Whilst it is clear that mathematics turned out to provide a good basis for describing observed and inferring the existence of as yet unobserved phenomena in the physical sciences, there is no such experience with mathematics or any other analytic systems in the social sciences. The behaviour we observe is typically best described qualitatively and the reasons individuals give for their behaviour is almost invariably qualitative as well. Therefore, validation of software agents as good representations of real individuals is facilitated by having the agents perceive events specified by qualitative descriptions, maintain the qualitative terms in processing those perceptions and then to act in ways that can be described qualitatively. Insofar as possible, the qualitative terms should be those used by the individuals they describe. A natural way to maintain this qualitative link between the language of actors and the language of the agents is to use production systems whereby the rule conditions describe the perceptions by the agents, processing is governed by some inference engine and the actions are specified by the consequents of the rules. We might find that algorithms that best support model validation are consistent with some class of formal logics, but that is not an issue of direct concern here. What is of concern is that logics and algorithms constrain model design. Such constraints must not be allowed to distort the descriptions by relevant individuals of the reasoning that leads to specific behaviours. Whenever there is a conflict between design constraints and stakeholder descriptions, the constraints must be relaxed. If the constraints are imposed by the selection of an underlying formalism, then the formalism is to be rejected.

We do not insist that individuals always fully understand the reasons for their own behaviour. To the extent that they do not, it would be wrong to assert that models designed to capture the rationales given by the individuals being modelled are in any wider sense good descriptions of the social processes being modelled. In any event, the modeller does not usually have access to all of the relevant stakeholders in any social process. In the absence of such access, there are obvious limitations on the scope for the qualitative validation of models at micro level. Such limitations on validation will also limit the uses to which the models can be put with confidence.
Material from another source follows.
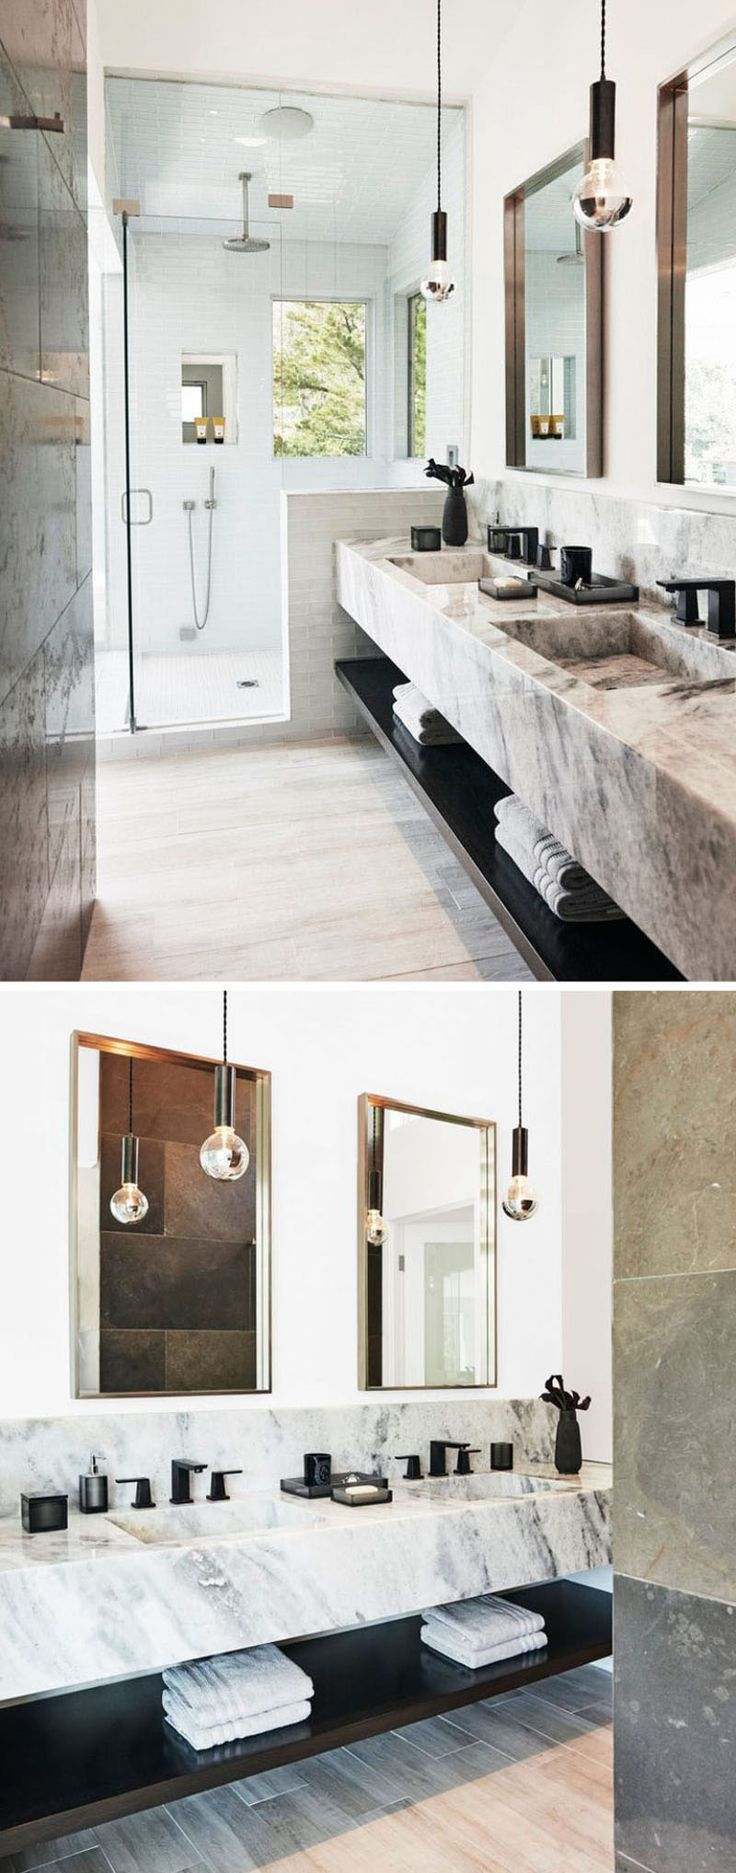 187 kitchen 187 kitchen sinks 187 nativestone 187 farmhouse double bowl - Bathroom Design Idea An Open Shelf Below The Countertop 17 Pictures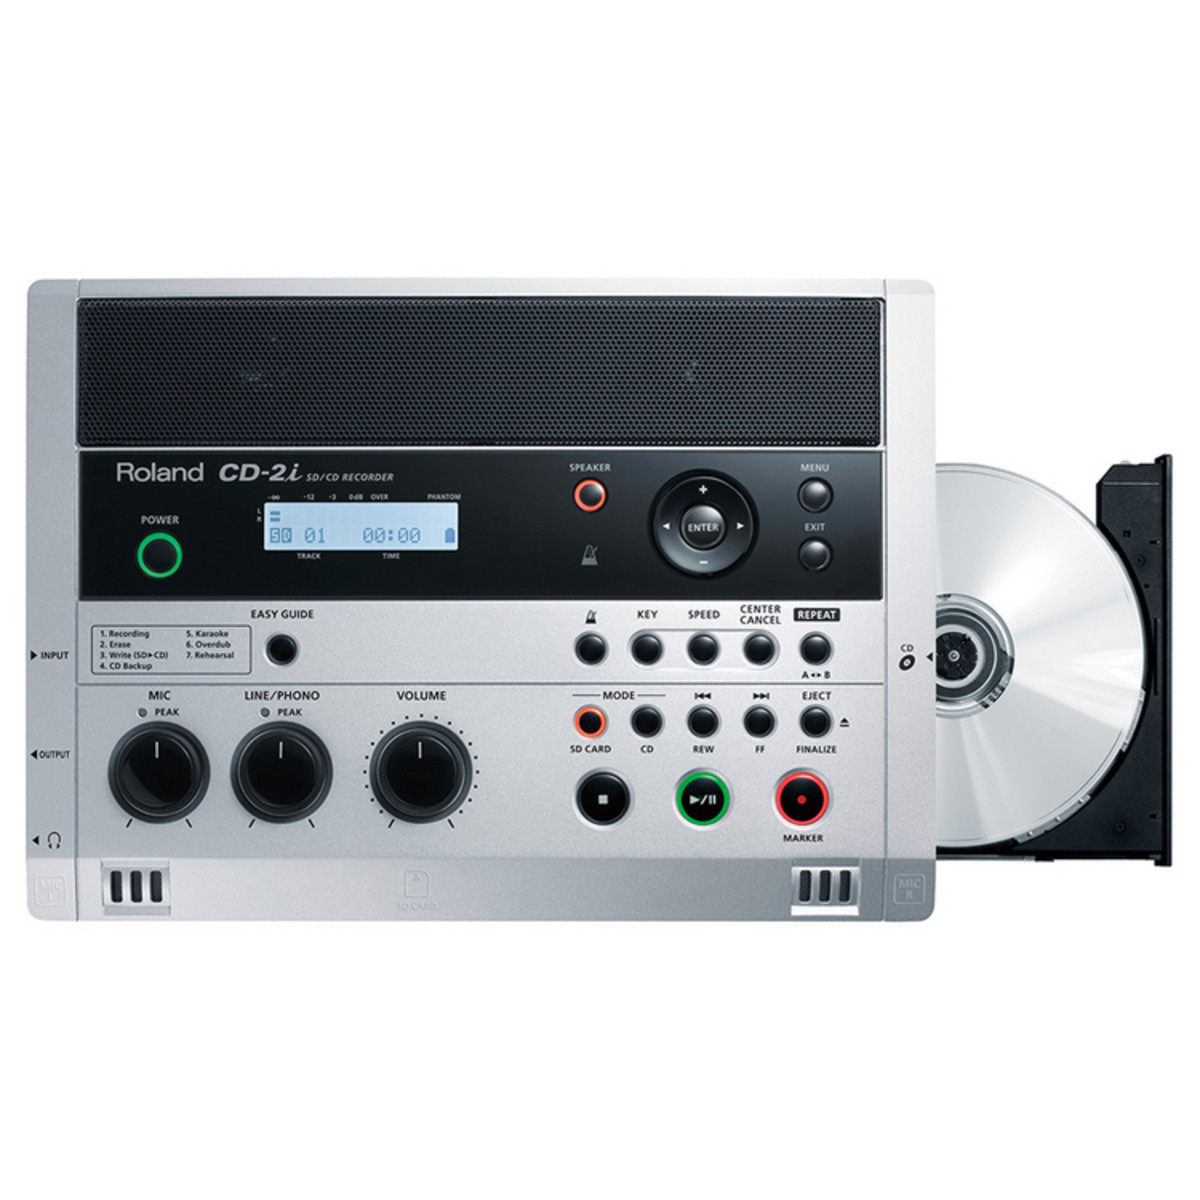 Roland cd 2i sd cd portable audio recorder at - Mobile porta cd ...

* Implications for social science research

We do not argue that all good social science is agent-based. Nor do we argue that all agent-based social science is good science. Far from it! We do argue that good social science can be facilitated by agent-based social simulation because of the wider possibilities for validation it facilitates.

So far, we have been arguing in general terms about the characteristics of good science. We have previously addressed issues of abstraction and application. One of us (Moss 2002) has produced evidence demonstrating that supermarket sales values and volumes for fast moving consumer goods have the same statistical signature of clustered volatility as is found in financial markets. A range of agent-based social simulation models produce the same statistical signature at system level. These models are characterised by agents that are resistant to changing their behaviour unless some significant stimuli are present, they interact with other agents, agents influence but do not commonly imitate one another and the social processes captured by the model dominate the behaviour and macro level statistics produced by the model. While we have not produced counterexamples, we do see the need for further investigation of: the generality of the empirical finding of clustered volatility that cannot be forecast in real time; of how widely the agent and mechanism (interaction) design is a descriptively accurate representation of actual behaviour and social interaction; and the generality of the finding that unpredictable clustered volatility follows from agent and mechanism designs of the type indicated.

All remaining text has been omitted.